I like the idea King is branching out to be honest. I think King is at his best when he's really trying to not be Stephen King. Of course, I've not read the new books. So I don't know if they are any good.
@Lemex What exactly is wrong with Harry Potter? I've never actually read the books (well, I think I may have read the first one when I was very young). Not trying to be snarky or anything, I just legitimately don't know since I've never really heard anything being particularly wrong with them and I would have been too young to notice any flaws..
You just opened a can of worms, Void. There's a thread I made a while back called: 'Harry Potter...Overrated?' in the Book Discussion section if you want to check it out.
Met me grab some whisky and let me cry at you for 500 words. Basically, the world makes no sense. That's the best I can sum it up without going into specifics.
I've only really watched the films, but yeah, I do have my own quibbles with the lore. Mostly I feel they have prioritised style over coherency and consistency, making the defining phrase of the series "why don't they just..." I can respect the intention to a certain extent, but I usually like to know why a plot hole is or isn't a plot hole.
To be fair to Harry Potter, the series is written from the perspective of a young kid. I can excuse, to a certain extent, how the books treat one side as the epitome of goodness and the other side as slimy and evil. We're looking at it from a perspective of a teenager, and we all know how perceptive they are at judging opposing sides.
I used to think that, but is it true? The point of view is third person limited, which can reflect the psychology of the characters, but if you are to argue this then the first chapter/prologue of The Philosophers/Sorcerers Stone is problematic.
It's a fictional world. In Rowling's fictional world, good and evil tend toward absolutes and evil is disgusting, slimy, or whatever. Doesn't matter that the real world isn't that way. That part of it doesn't bother me.
That's why I said 'to an extent'. When it's from Harry's POV, it's understandable, but in the prologue of the first book and in chapters from Snape's POV, then...yeah, it could've done better had we seen a different side to the Dursleys and Snape than how Harry sees them. EDIT: Though to be honest, the Dursleys, if anything, teaches children this lesson: some people are just assholes. They're happy when they're picking on others who can't fight back, who are different from them. They don't need an explanation or a tragic past like they were tortured by Lord Voldemort (though that would explain a lot.) They're dicks...because they're dicks. They hate Harry, he represents everything they're not and that's enough for them to abuse him.

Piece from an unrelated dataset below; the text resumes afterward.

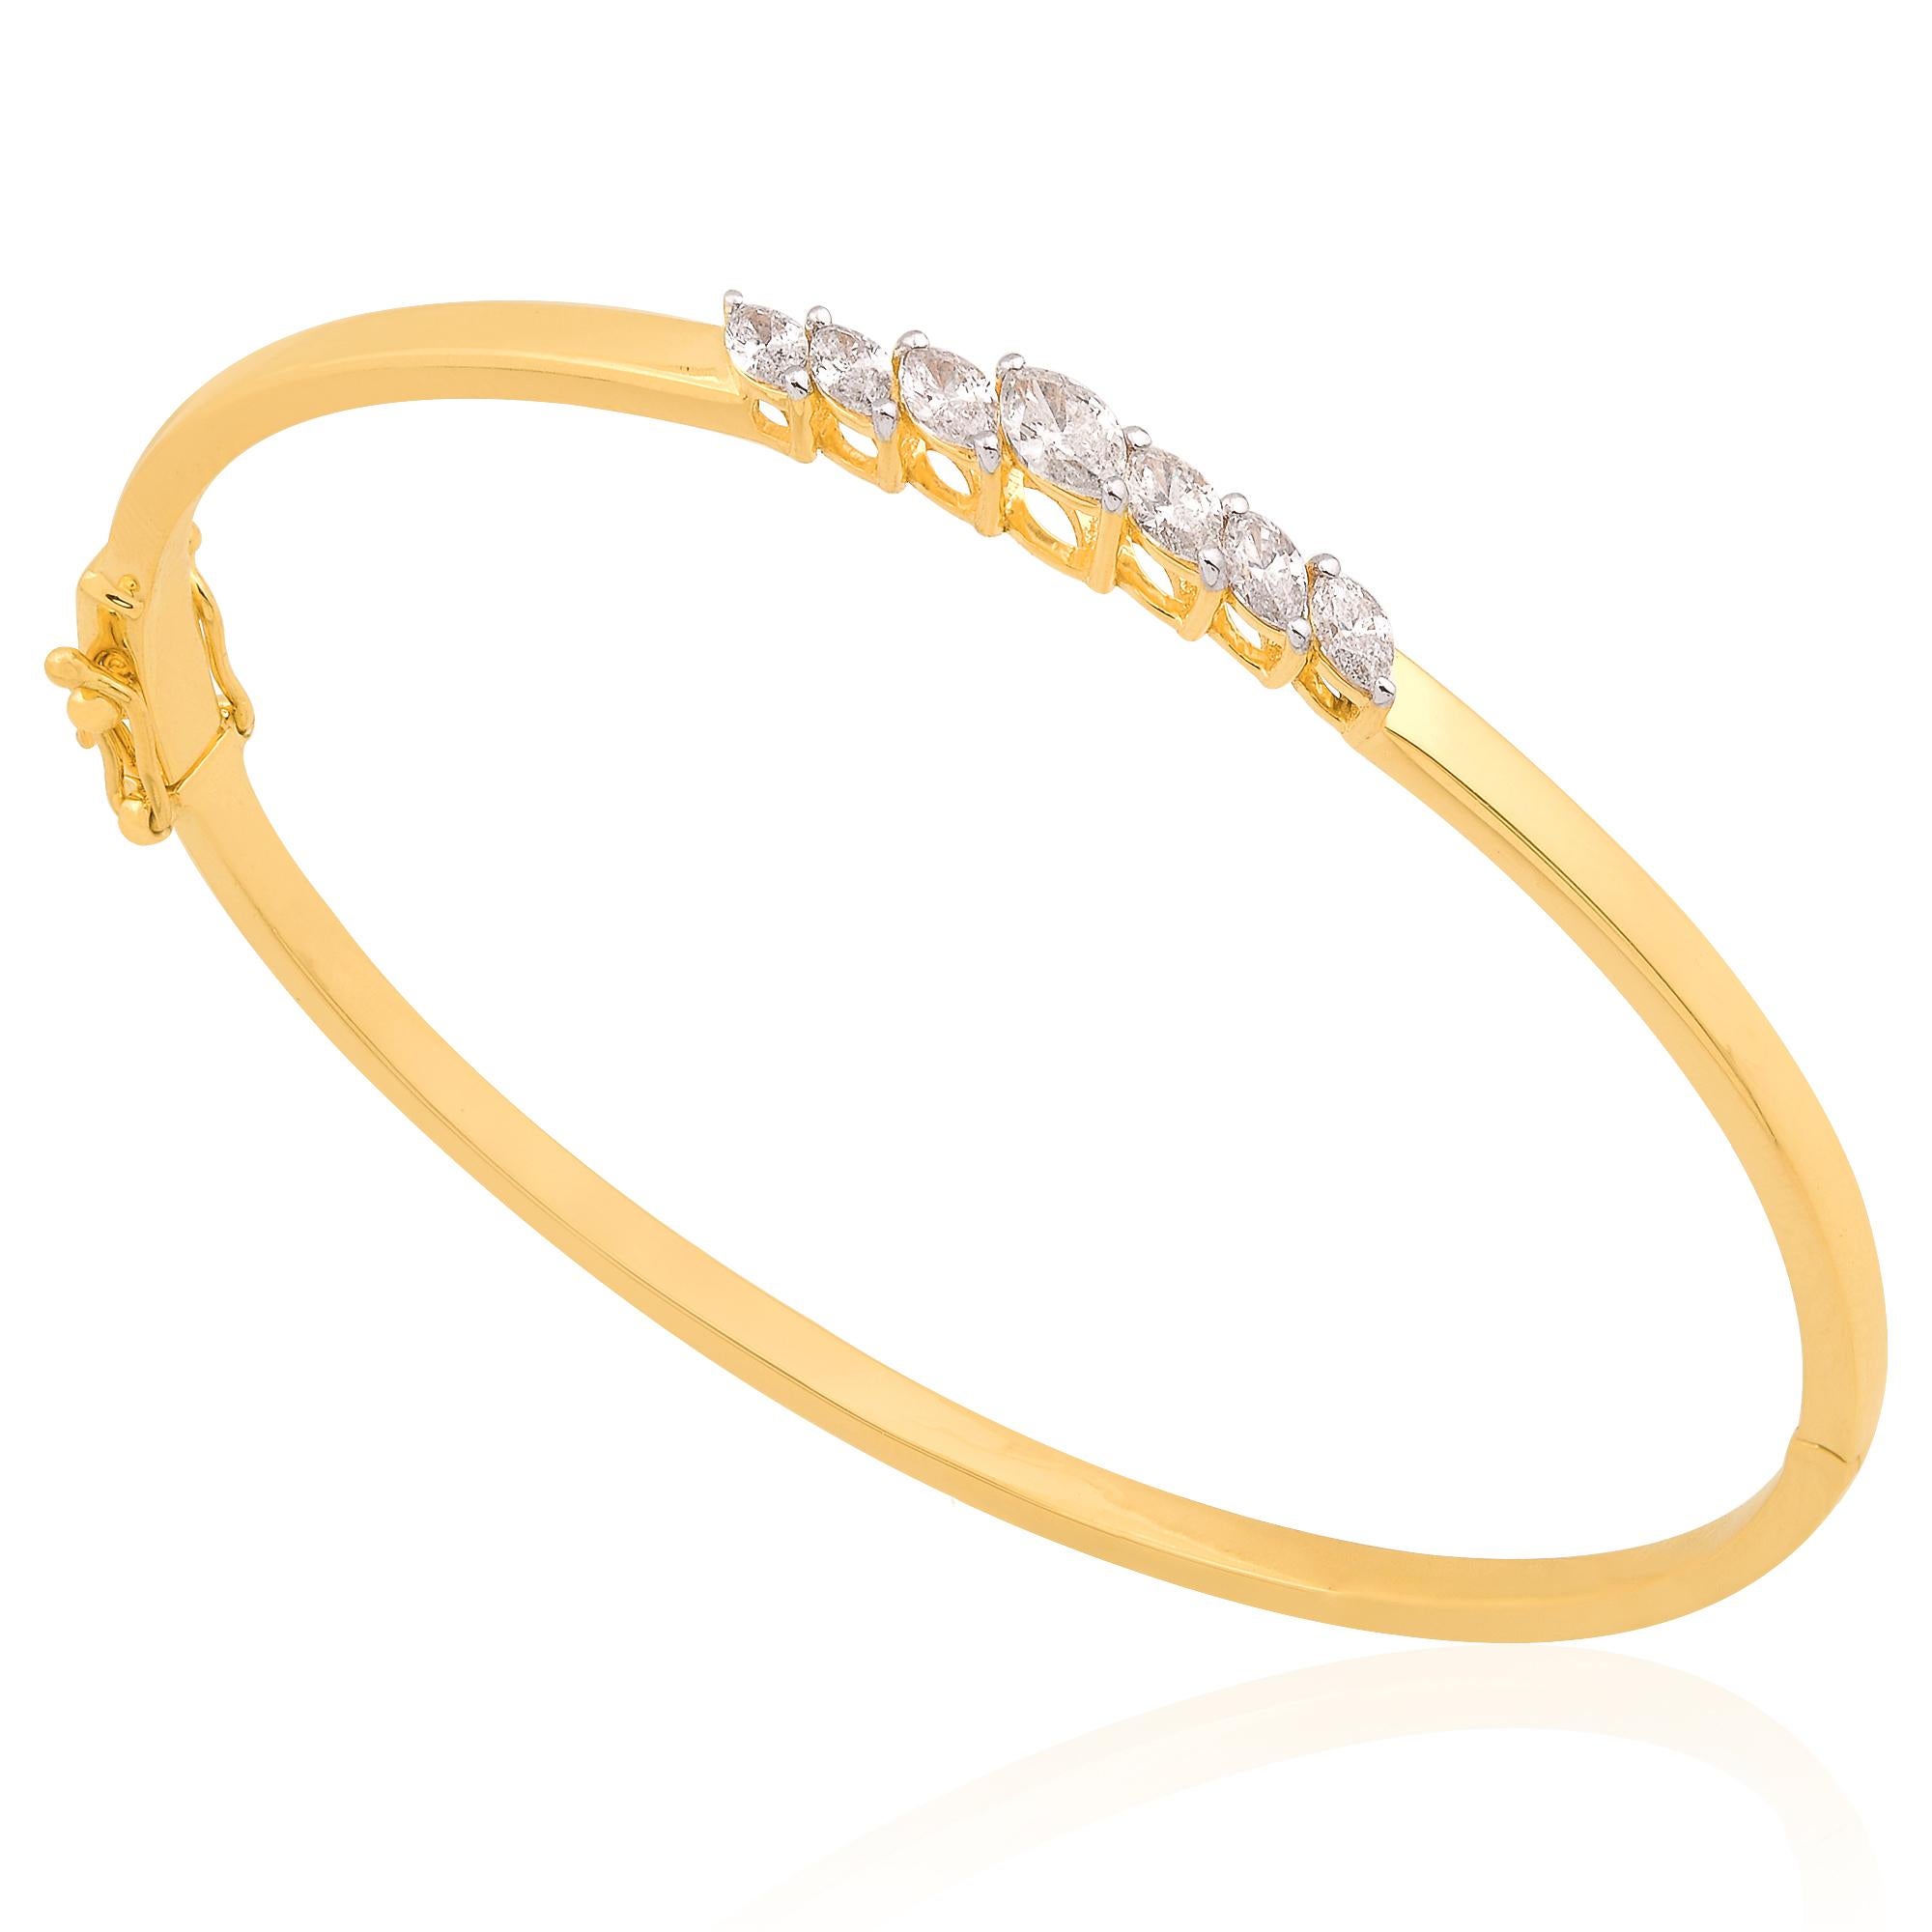 The focal point of this stunning bracelet is the mesmerizing marquise-cut diamond, weighing 0.60 carats, carefully set in a secure and captivating manner. Its elongated shape exudes grace and sophistication, while its brilliant facets catch the

The thing I can never work out is why put the first portal to the magic world the reader finds out about in one of the most used train stations on the planet? It's so strange.
The whole world and everyone's actions within it are entirely inconsistent. I enjoyed the books, but they make no sense whatsoever.
Agreed. And to be honest unless it's obviously an allegorical story, like Animal Farm, or another world there are few things I'll be able to accept without critical comment.
That choice randomly worked out for Rowling, seeing as the real Kings Cross now has an area marked as platform 9 3/4 with a luggage cart sticking half way through for people's photo opportunities. Tourists love it and it's a permanent Harry Potter advert in one of the planets busiest train stations.
Well as in I don't think it was planned by her as a marketing opportunity when she wrote it. I've also just read that she got confused and thought she was writing about an area which turned out to be in Euston.
I'm a high schooler and i got two poems published just within last year but i guess i'm still simplistic and pathetic. I say words rooted from the 16th century, but i guess my rudiments are just an empty void in your secular viewpoint of high school writers.
He can't waste too much time on us - there are so many other ignorant souls living in the darkness who can only be saved by his benevolent light.
It makes perfect sense, like putting the bus station just outside the railway station, with a cab rank adjacent. No need to walk too far to change from one transit system to another.